А сон не приходил, в голове беспокойно теснились мысли. Тот ли это корабль, что вызывал восторги строгими очертаниями, быстрым ходом, залпами орудийных башен?! Теперь кажется, он ничем не отличается от окружающих домов на набережной Красного флота, раскрашенный квадратами, сверху замаскированный сетями. Точно так же, как в жилых домах, черные головки труб-времянок торчат из иллюминаторов, выбрасывая тонкие струйки дыма…
А кругом родные места… На Балтийском судостроительном еще «фабзайчонком» бегал, на «Судомехе» стал умелым рабочим, а на «Электросиле» уже машины строили. И в 1936 году пришел служить на флот. Сразу на крейсер «Киров». Одна коробка тогда у причала стояла и, как слоеный пирог, начинялась машинами, приборами, разным оборудованием. А вскоре и Борис Львович Гуз появился. Молоденький инженер-лейтенант, скромный такой. Говорит: «Покажите, старшина, котельное хозяйство». Спустились вниз. Он ходит, смотрит и не стесняется спрашивать. Говорит: «Прежде чем других учить, я у вас учиться буду». Понравилось морякам такое откровение, с этого и началась дружба… Дружба не панибратская, а та, что основана на взаимном уважении, доверии, требовательности и, стало быть, делу помогает.
Как жили до войны! В субботу, бывало, все свободные от вахт и дежурств — в увольнение.

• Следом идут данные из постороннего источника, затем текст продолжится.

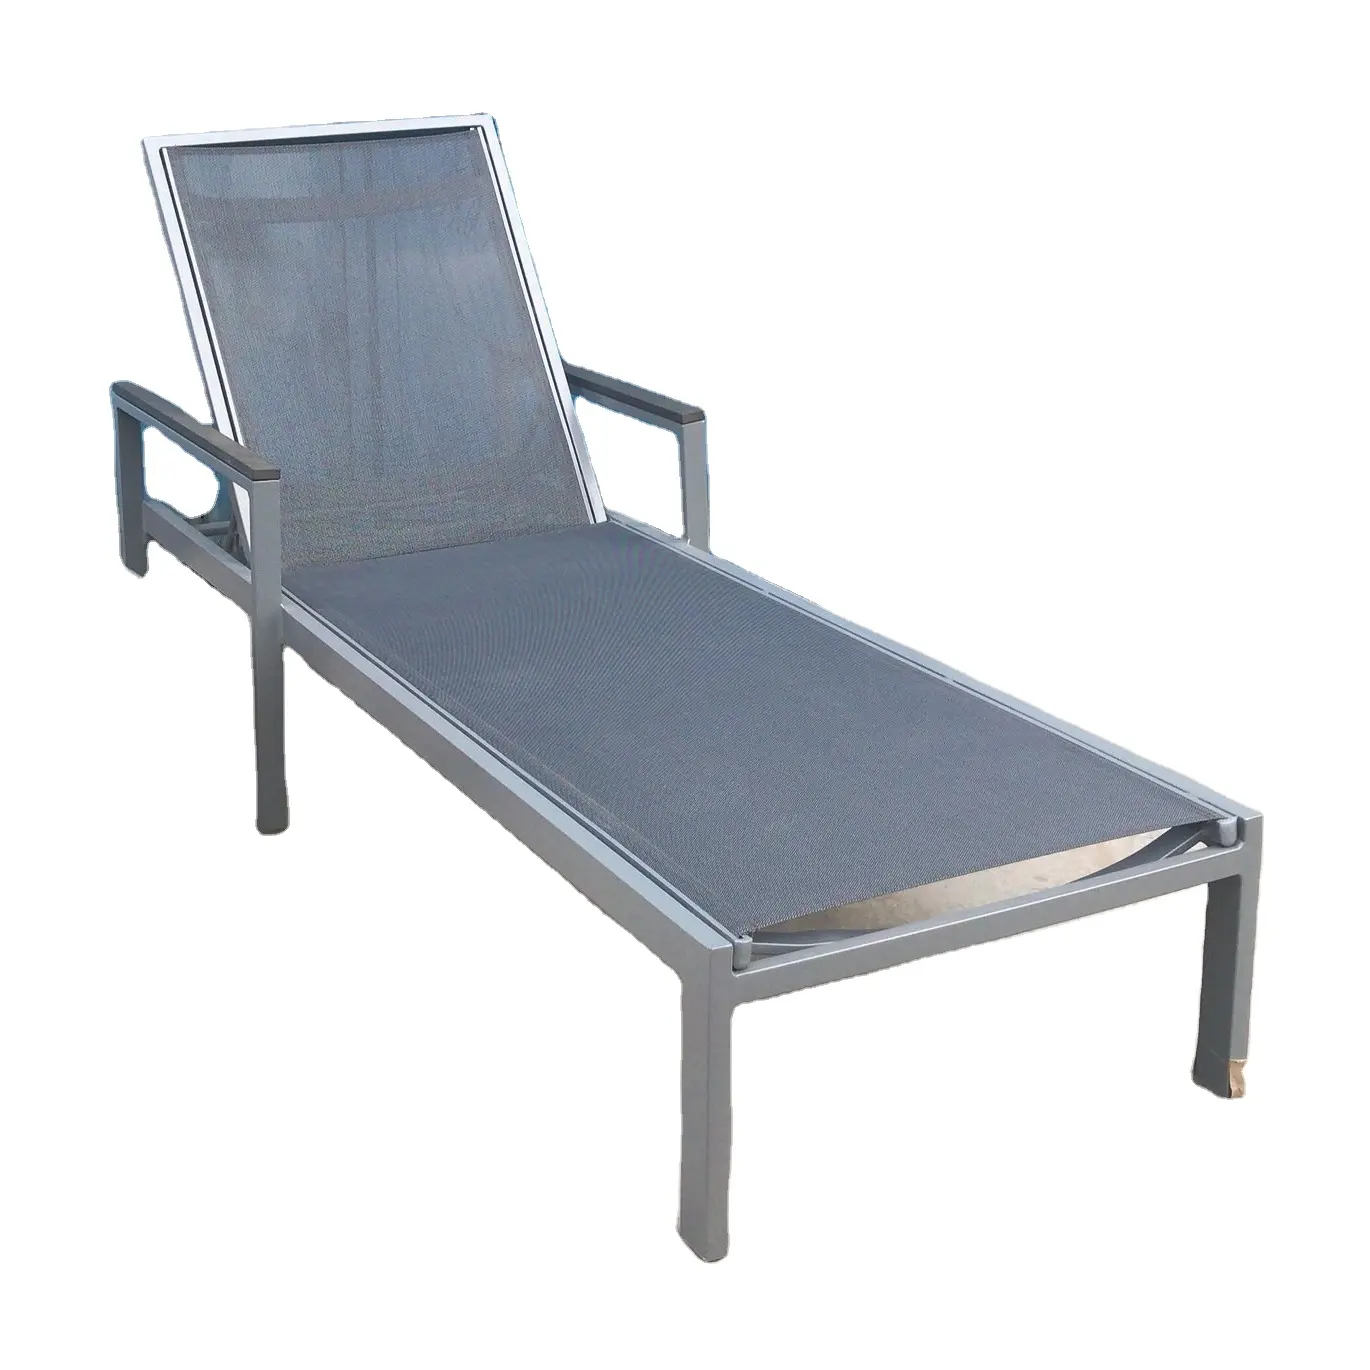 Factory Patio furniture aluminum sun lounger garden furniture aluminum sunbed outdoor sling chair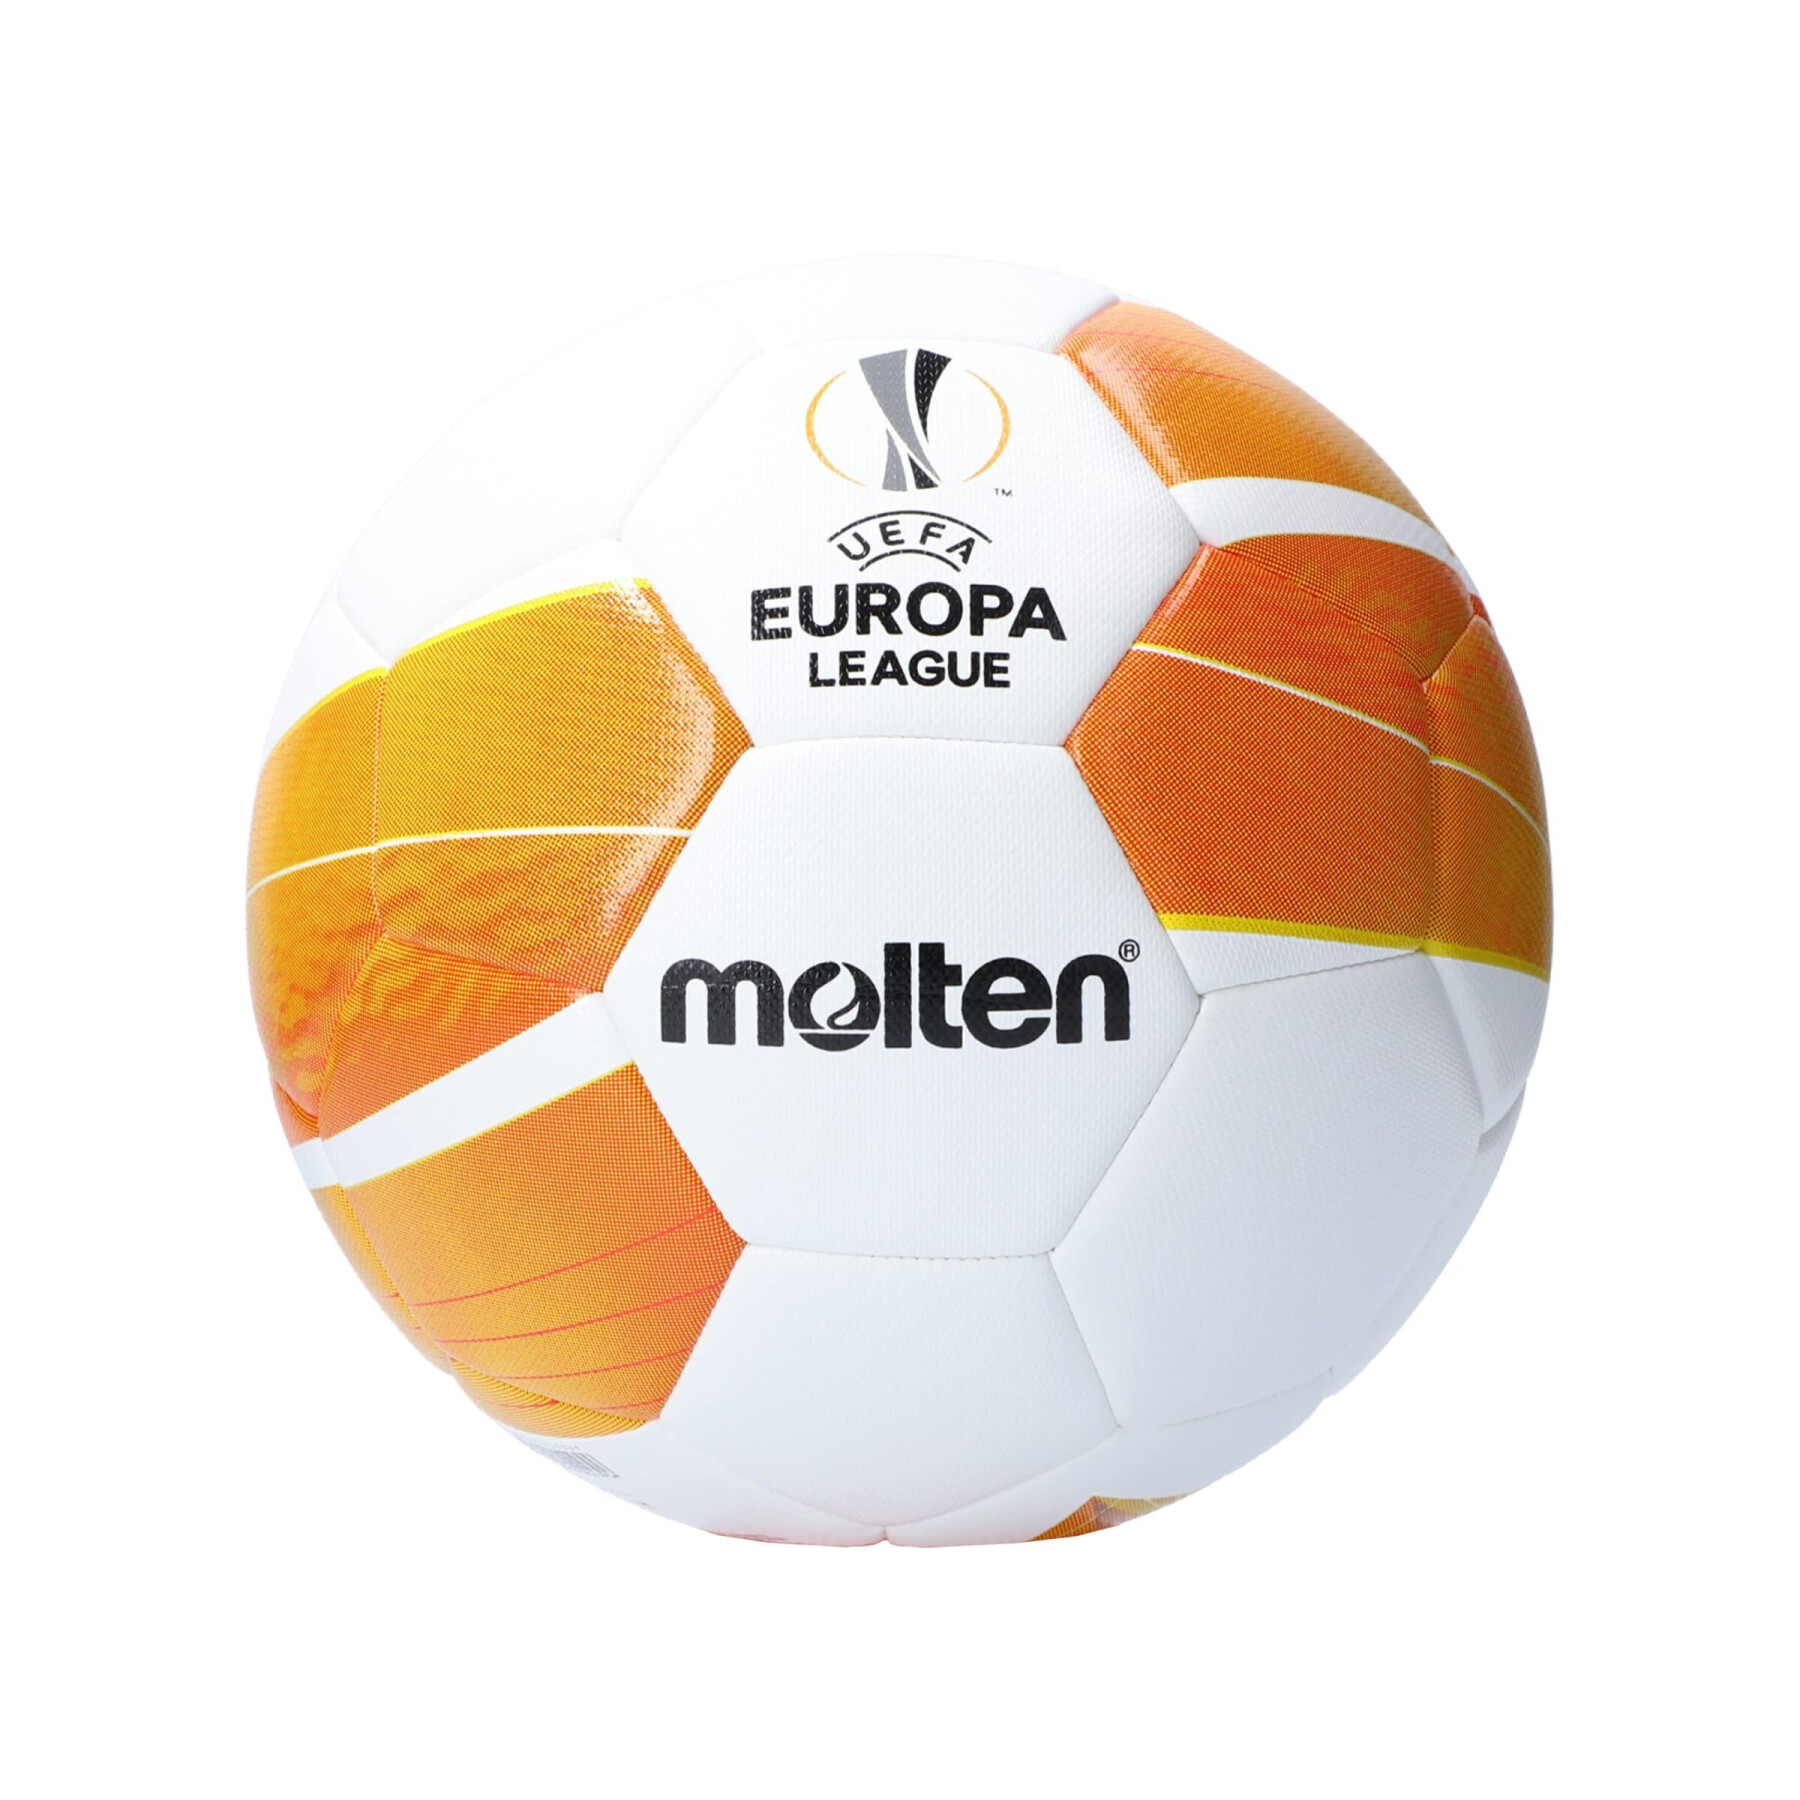 Training ball Molten UEFA Europa League

Заранее покупали билеты и отправлялись все вместе в театр. А день рождения у кого из старшин — командир боевой части Андреев поздравляет. Хорошему, примерному моряку еще и подарок вручит: книгу на память или какую-нибудь интересную вещичку…
И теперь, хотя голод, лишения, у Гуза по-прежнему улыбка на лице. И шутками-прибаутками народ веселит: «Хлеб, соль и вода — молодецкая еда». «Голодной куме — один хлеб на уме»…
Хлеб, хлеб… Все думы, все разговоры только о нем. Кажется, дай людям вдоволь хлеба — они и горы перевернут. А без хлеба смерть незримо подбирается и хватает за горло.
Вспомнилось недавнее зимнее утро. Прибежали ребята:
— Иди быстрее, там тебя мамаша ждет…
Набросил Александр Иванович ватник, схватил ушанку и бегом по трапам вверх. Выбежал на набережную Невы. Снегу навалило белым-бело. И стоит мать, маленькая, хрупкая, в знакомом длиннополом пальто с кроликовым воротником, черная шаль обвивает голову. Стоит, с места не двинется.
— Что с тобой, мама? — спросил Александр, сразу почуяв недоброе.
Он смотрел в ее большие серые глаза, заплывшие слезами.
— Папа умер, — тихо сказала она и продолжала стоять, точно вросла в промерзшую землю.
Так несколько минут они безмолвно стояли друг против друга, опустив головы, охваченные невыразимой болью…
— Что же мне делать? Сил нет свезти его на кладбище, — глотая слезы, проговорила она.
— Отпрошусь у командира. Похороним… — сказал он, взял мать под руку, и они пошли к Дворцовому мосту.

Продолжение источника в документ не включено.